[EXERCISE AIM]: Every line in the data below from the one containing "Trois Petits Lapins" down to the one containing "Travel Packing List for Google Sheets", both included, must be retyped exactly; no other line is to appear.

[MATERIAL PROVIDED]:
------------------------------

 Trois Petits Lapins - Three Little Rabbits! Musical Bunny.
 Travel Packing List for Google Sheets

------------------------------

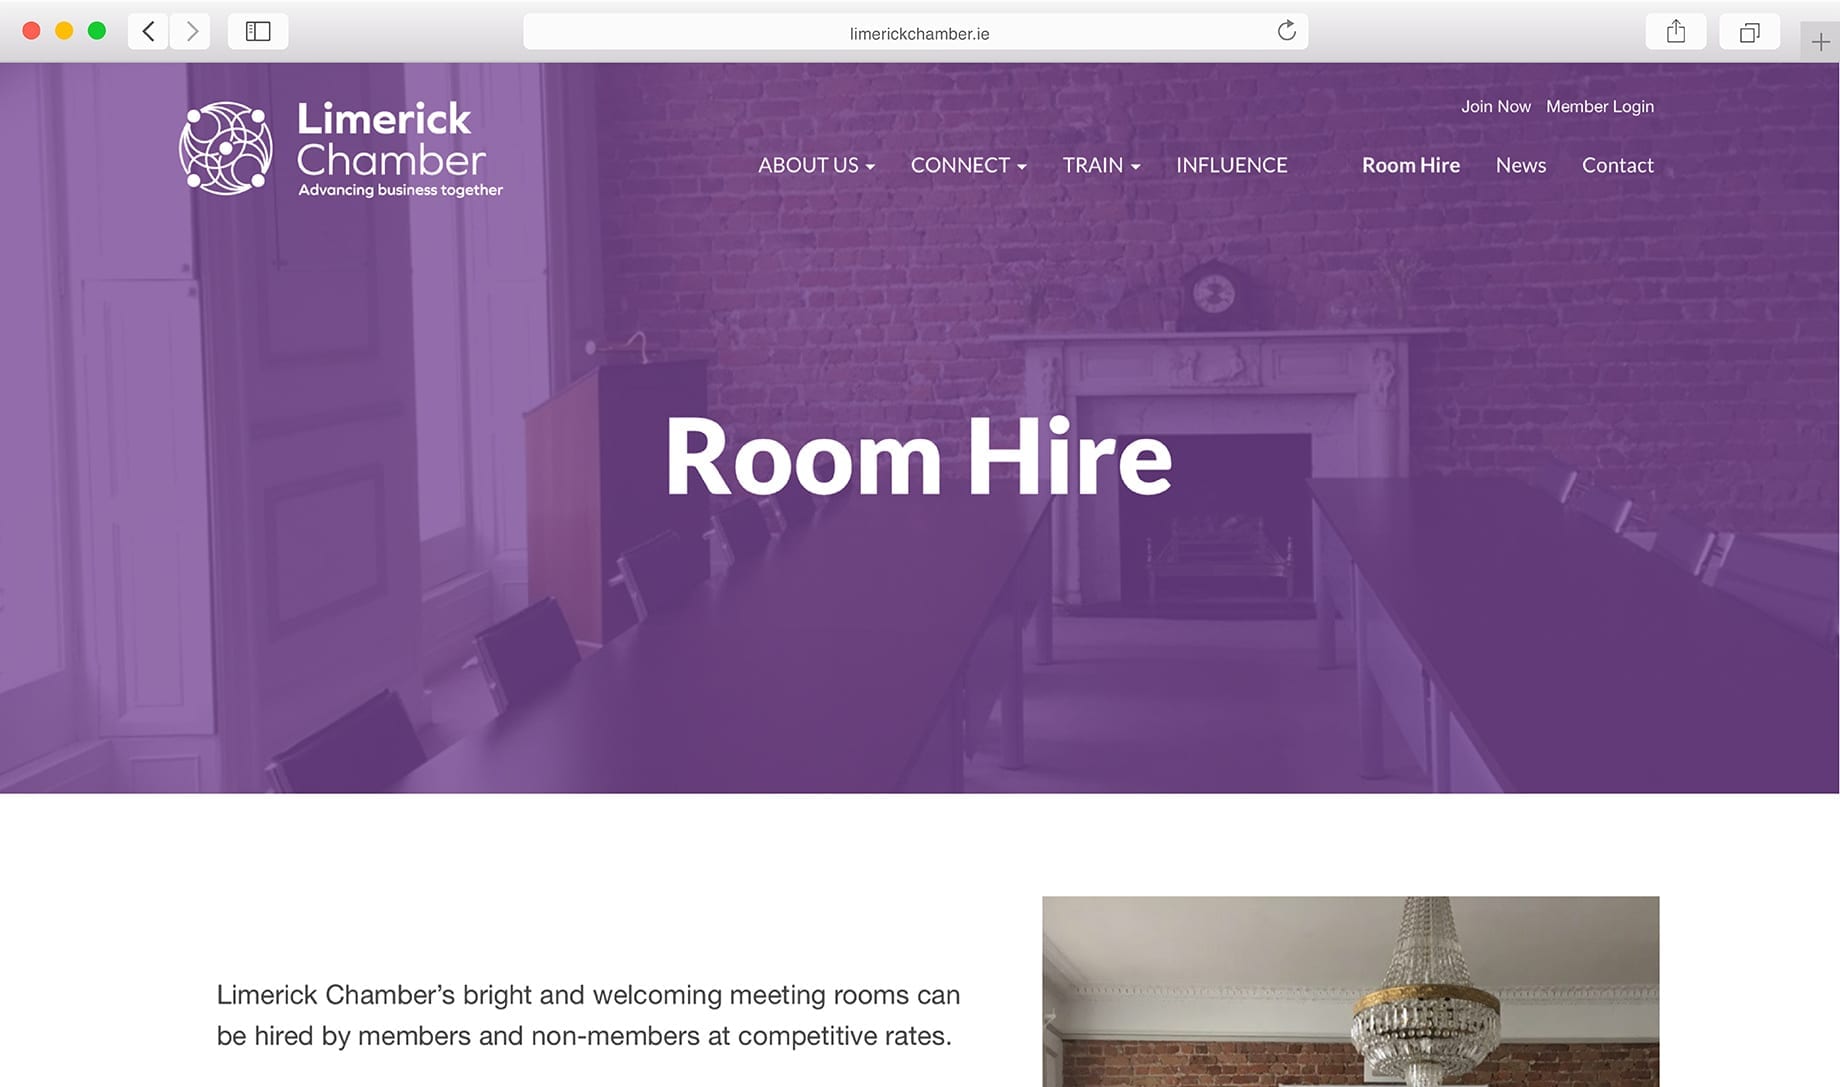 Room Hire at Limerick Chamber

------------------------------

[WRITTEN RESPONSE]:
 Trois Petits Lapins - Three Little Rabbits! Musical Bunny.
 Travel Packing List for Google Sheets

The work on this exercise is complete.